Data Processing and Enrichment in Spark Streaming with Python and Kafka

This post originally appeared on the Rittman Mead blog.

In my previous blog post I introduced Spark Streaming and how it can be used to process 'unbounded' datasets. The example I did was a very basic one - simple counts of inbound tweets and grouping by user. All very good for understanding the framework and not getting bogged down in detail, but ultimately not so useful.

We’re going to stay with Twitter as our data source in this post, but we’re going to consider a real-world requirement for processing Twitter data with low-latency. Spark Streaming will again be our processing engine, with future posts looking at other possibilities in this area.

Twitter has come a long way from its early days as a SMS-driven "microblogging" site. Nowadays it’s used by millions of people to discuss technology, share food tips, and, of course, track the progress of tea-making. But it’s also used for more nefarious purposes, including spam, and sharing of links to pirated material. The requirement we had for this proof of concept was to filter tweets for suspected copyright-infringing links in order that further action could be taken.

The environment I’m using is the same as before - Spark 2.0.2 running on Docker with Jupyter Notebooks to develop the code (and this article!). You can download the full notebook here.

The inbound tweets are coming from an Apache Kafka topic. Any matched tweets will be sent to another Kafka topic. The match criteria are:

Not a retweet
Contains at least one URL
URL(s) are not on a whitelist (for example, we’re not interested in links to spotify.com, or back to twitter.com)
The Tweet text must match at least two from a predefined list of artists, albums, and tracks. This is necessary to avoid lots of false positives - think of how many music tracks there are out there, with names that are common in English usage ("yesterday" for example). So we must match at least two ("Yesterday" and "Beatles", or "Yesterday" and "Help!").
- Match terms will take into account common misspellings (Little Mix → Litle Mix), hashtags (Little Mix → #LittleMix), etc
  
  We’ll also use a separate Kafka topic for audit/debug purposes to inspect any non-matched tweets.

As well as matching the tweet against the above conditions, we will enrich the tweet message body to store the identified artist/album/track to support subsequent downstream processing.

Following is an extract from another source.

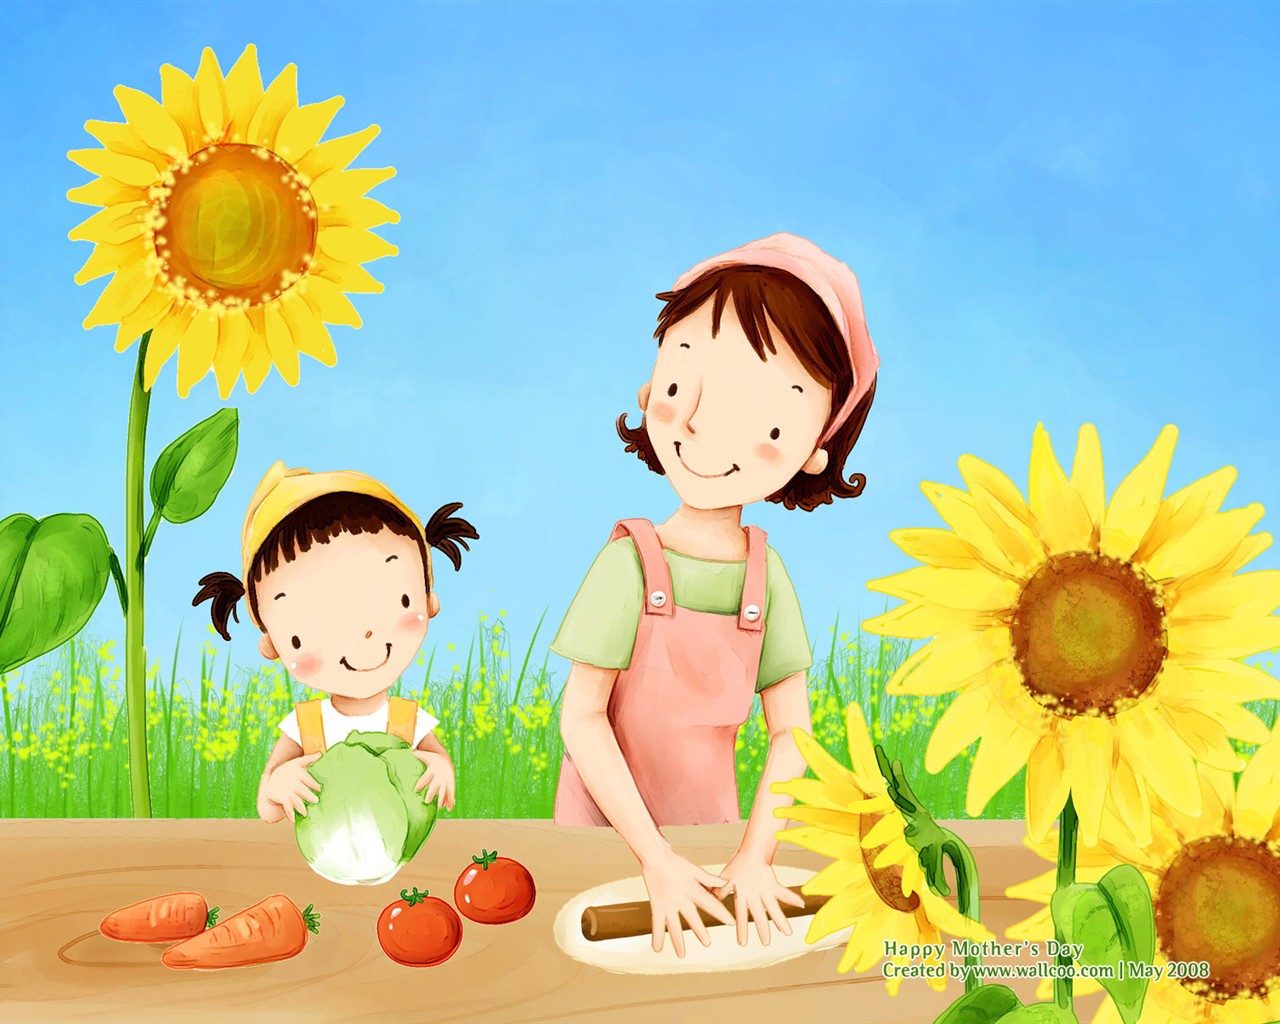 Mother's Day thème du papier peint du Sud illustrateur coréen #20 - 1280x1024

The final part of the requirement is to keep track of the number of inbound tweets, the number of matched vs unmatched, and for those matched, which artists they were for. These counts need to be per batch and over a window of time too.

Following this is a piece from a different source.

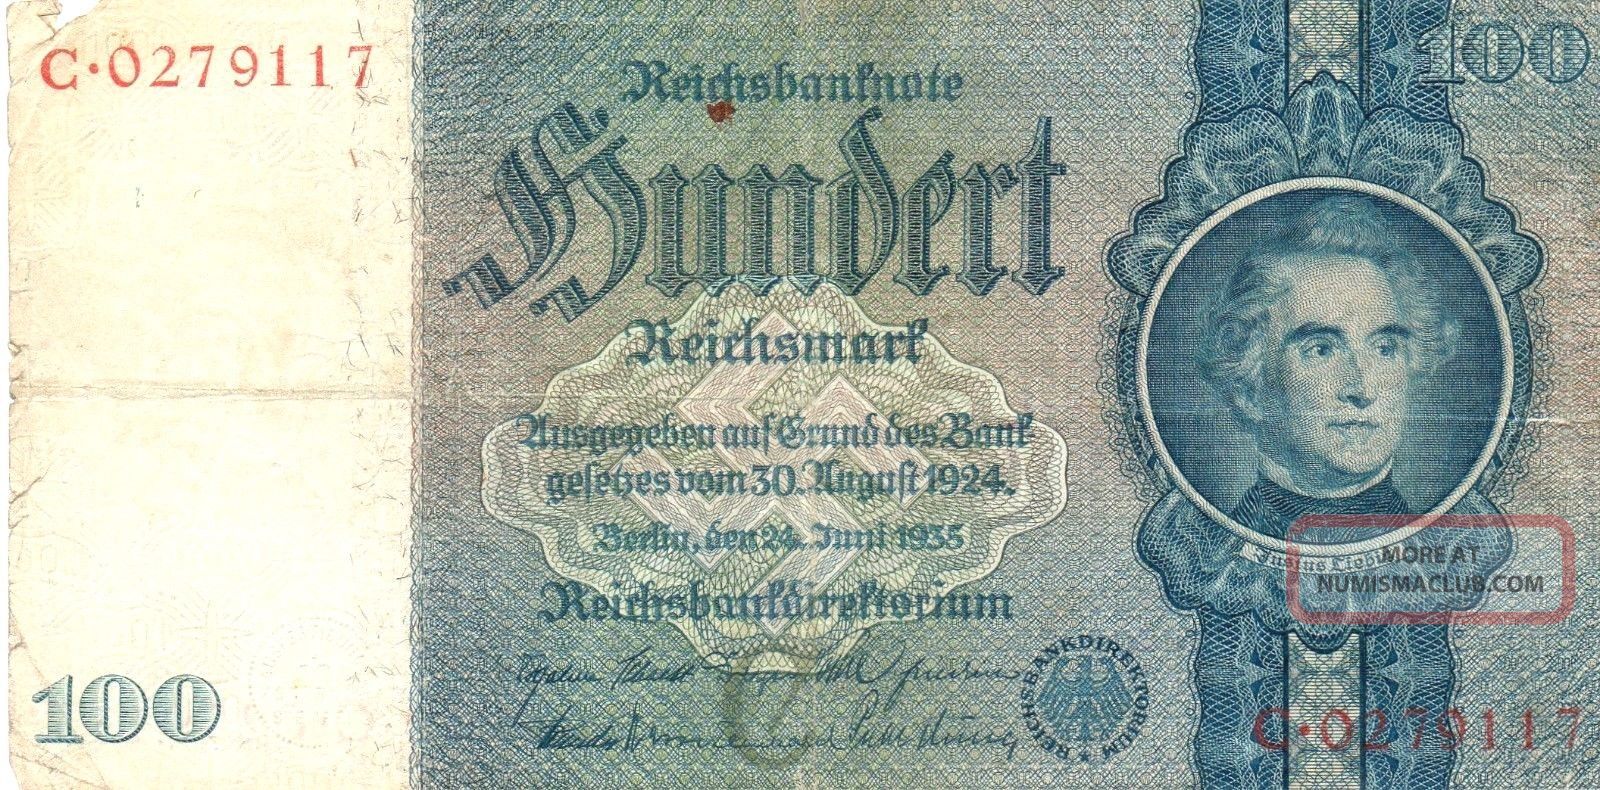 Xxx - Rare German 100 Reichsmark Third Reich Nazi Banknote From 1935 Europe photo

Getting Started - Prototyping the Processing Code 🔗

Before we get into the meat of the streaming code, let’s take a step back and look at what we’re wanting the code to achieve. From the previous examples we know we can connect to a Kafka topic, pull in tweets, parse them for given fields, and do windowed counts. So far, so easy (or at least, already figured out!). Let’s take a look at nub of the requirement here - the text matching.

If we peruse the BBC Radio 1 Charts we can see the popular albums and artists of the moment (Grant me a little nostalgia here; in my day people 'pirated' music from the Radio 1 chart show onto C90 cassettes, trying to get it without the DJ talking over the start and end. Nowadays it’s done on a somewhat more technologically advanced basis). Currently it’s "Little Mix" with the album "Glory Days". A quick Wikipedia or Amazon search gives us the track listing too:

  1. Shout Out to My Ex
  2. Touch
  3. F.U.
  4. Oops - Little Mix feat. Charlie Puth
  5. You Gotta Not
  6. Down & Dirty
  7. Power
  8. Your Love
  9. Nobody Like You
  10. No More Sad Songs
  11. Private Show
  12. Nothing Else Matters
  13. Beep Beep
  14. Freak
  15. Touch

A quick twitter search for the first track title gives us this tweet - I have no idea if it’s legit or not, but it serves as an example for our matching code requirements:

Tweet from @ngvibes_com

Using the Twitter developer API I can retrieve the JSON for this tweet directly. I’m using the excellent Paw tool to do this.

From this we can get the text element:

"text": "DOWNLOAD MP3: Little Mix \u2013 Shout Out To My Ex (CDQ) Track https:\/\/t.co\/C30c4Fel4u https:\/\/t.co\/wJjyG4cdjE",

The obvious approach would be to have a list of match terms, something like:

match_text=("Little Mix","Glory Days","Shout Out to My Ex","Touch","F.U.")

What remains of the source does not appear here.